A new strategy for engineering metalloproteins – which can be used as a starting point for making new biologically-inspired catalysts – has been developed by chemists in the US.
The approach works by joining smaller protein units together to make a large three-dimensional structure with a metal coordination site, which Akif Tezcan at the University of California, San Diego and colleagues show can be done by making simple modifications to some of the amino acids.
Trying to design new functional proteins, such as enzymes, from scratch can be extremely challenging, says Tezcan. It can be particularly difficult to create a ‘well-defined 3D environment’ such as a binding pocket that can interact with a particular molecule or substrate.
‘Most protein and metalloprotein engineering efforts depend on the repurposing of pre-existing protein folds with well-defined active sites in their interiors,’ he says. ‘In our lab, we have taken an alternative strategy in which we use well-folded proteins as building blocks for forming new supramolecular complexes, and the [newly] created interfaces in these complexes are then used to build new functional sites.’
A few years ago, Tezcan’s group developed an approach which used metal ions to link different protein modules together into complex three-dimensional structures, which they subsequently used to build a functional metalloenzyme.

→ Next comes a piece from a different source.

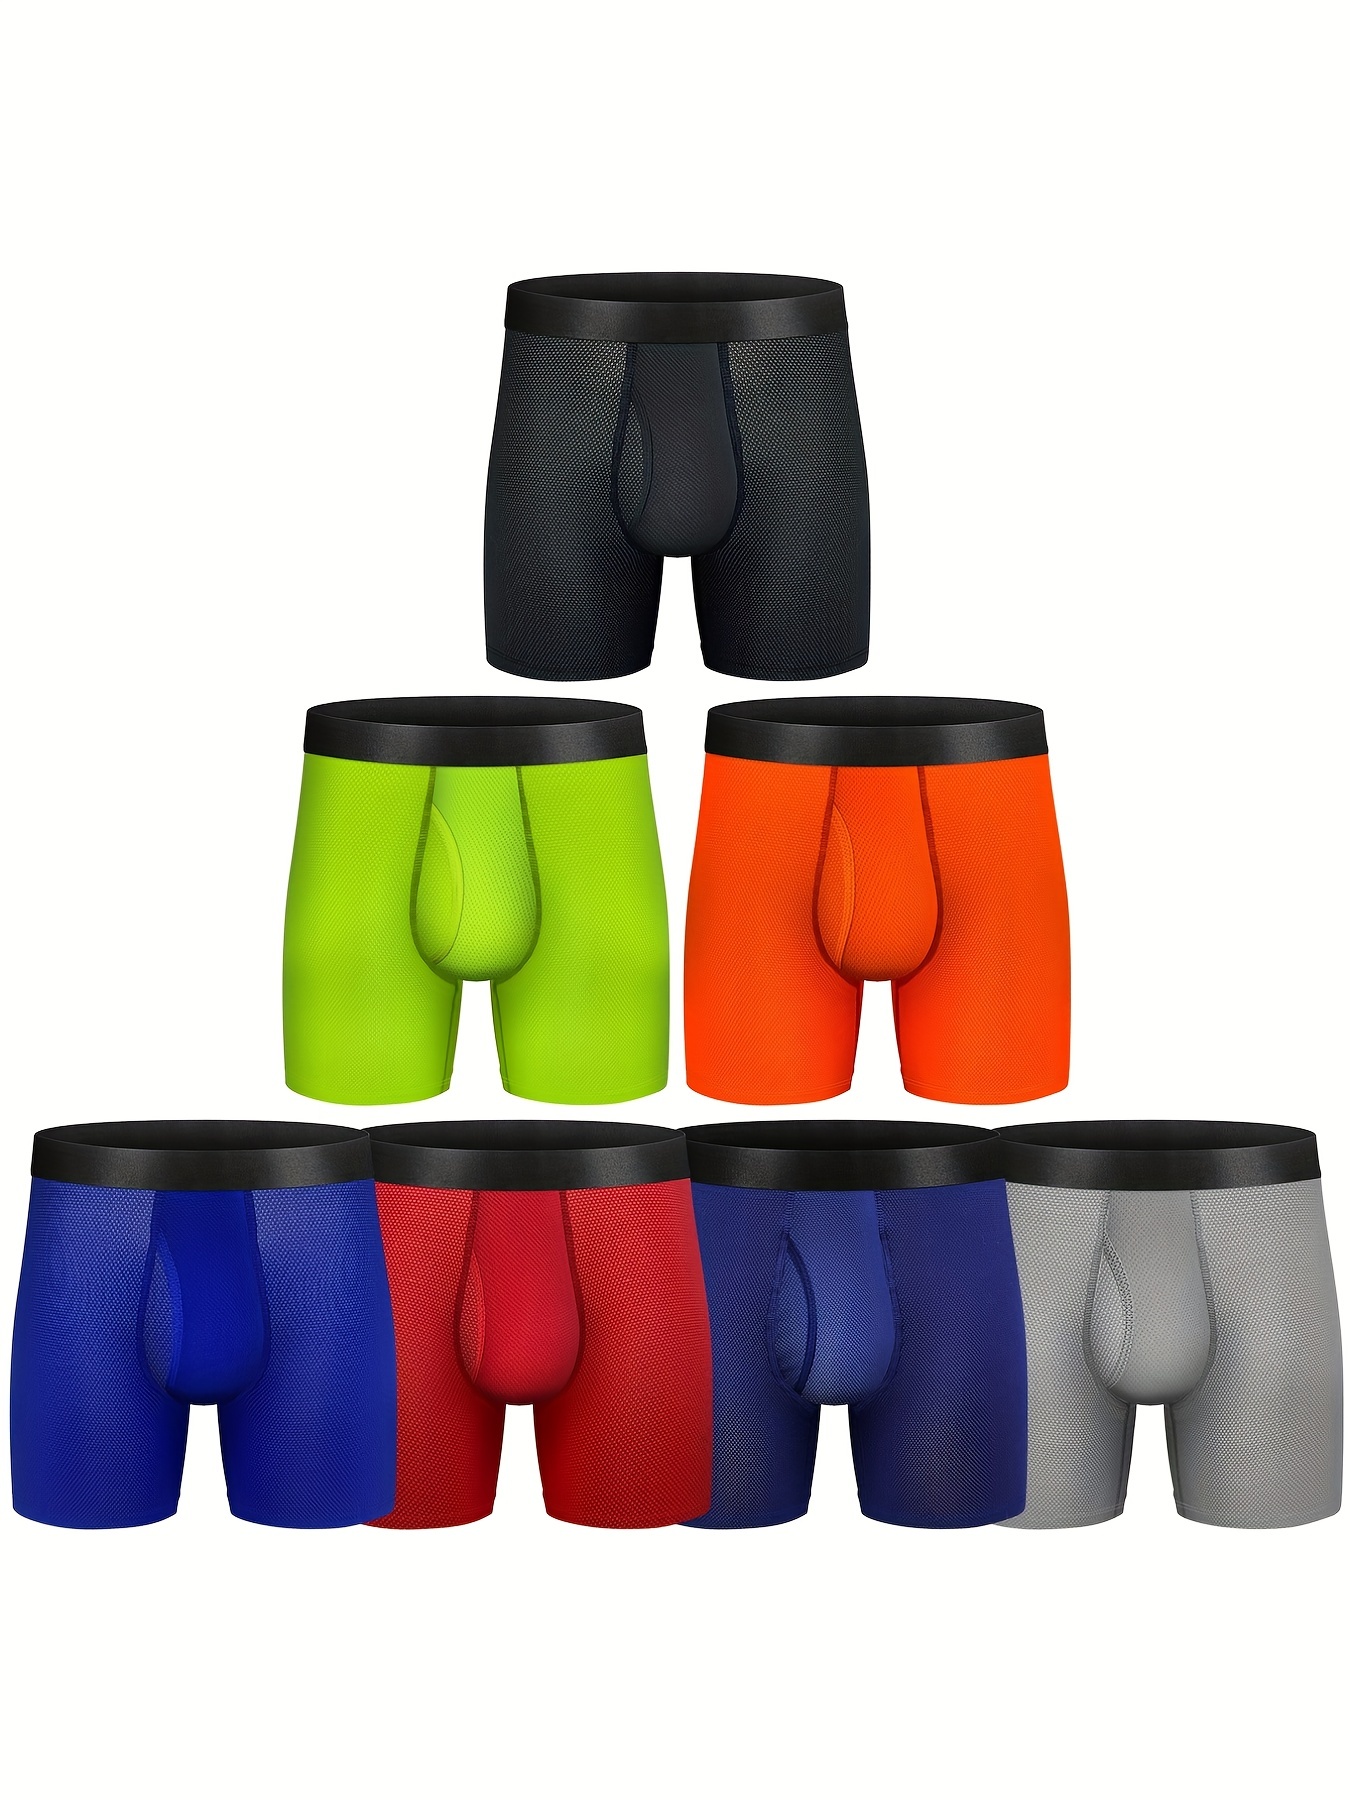 Soft casual male underwear For Comfort

In their most recent work they have streamlined this approach, showing it is possible to create new protein–protein interfaces by mutating a single cysteine residue in the protein cytochrome cb562, which allows it to join to another cytochrome cb562 via a disulfide linkage.
‘Then, a few metal-coordinating residues such as histidines and glutamates are added in appropriate locations with respect to the disulfide linkages to build stable metal coordination sites,’ says Tezcan. ‘[So] with only four mutations, an arbitrary electron transfer protein is converted into a versatile metalloprotein complex.’
The team were able to create metal coordination sites capable of binding transition metal ions such as manganese, copper, nickel, cobalt and zinc to make a variety of metalloproteins. They also showed they could make an iron metalloprotein that could bind to nitric oxide. They dubbed the strategy Metal Active Sites through Covalent Tethering, or MASCoT.
‘In principle, this approach can be easily carried out with many other protein building blocks and be complemented by computational protein design to optimise desired structural and functional properties,’ Tezcan says. In the short term, he adds, the group wants to build metalloenzymes with catalytic activities including redox chemistry and small molecule activation. ‘Long term, our goals are to use MASCoT to design metalloproteins that are active in living systems and are able to utilise non-biological metal ions.’
Gerard Roelfes from the University of Groningen in the Netherlands, says the strategy is ‘unique’ and is an improvement on the group’s previous metal templating technique. That technique was much more complicated as it required creating both a structural metal site to link the protein together and a functional catalytic site. ‘The beauty of the present approach is its simplicity: it just requires introducing a cysteine at a certain position and then dimerising the protein and introducing a few metal binding residues,’ Roelfes tells Chemistry World.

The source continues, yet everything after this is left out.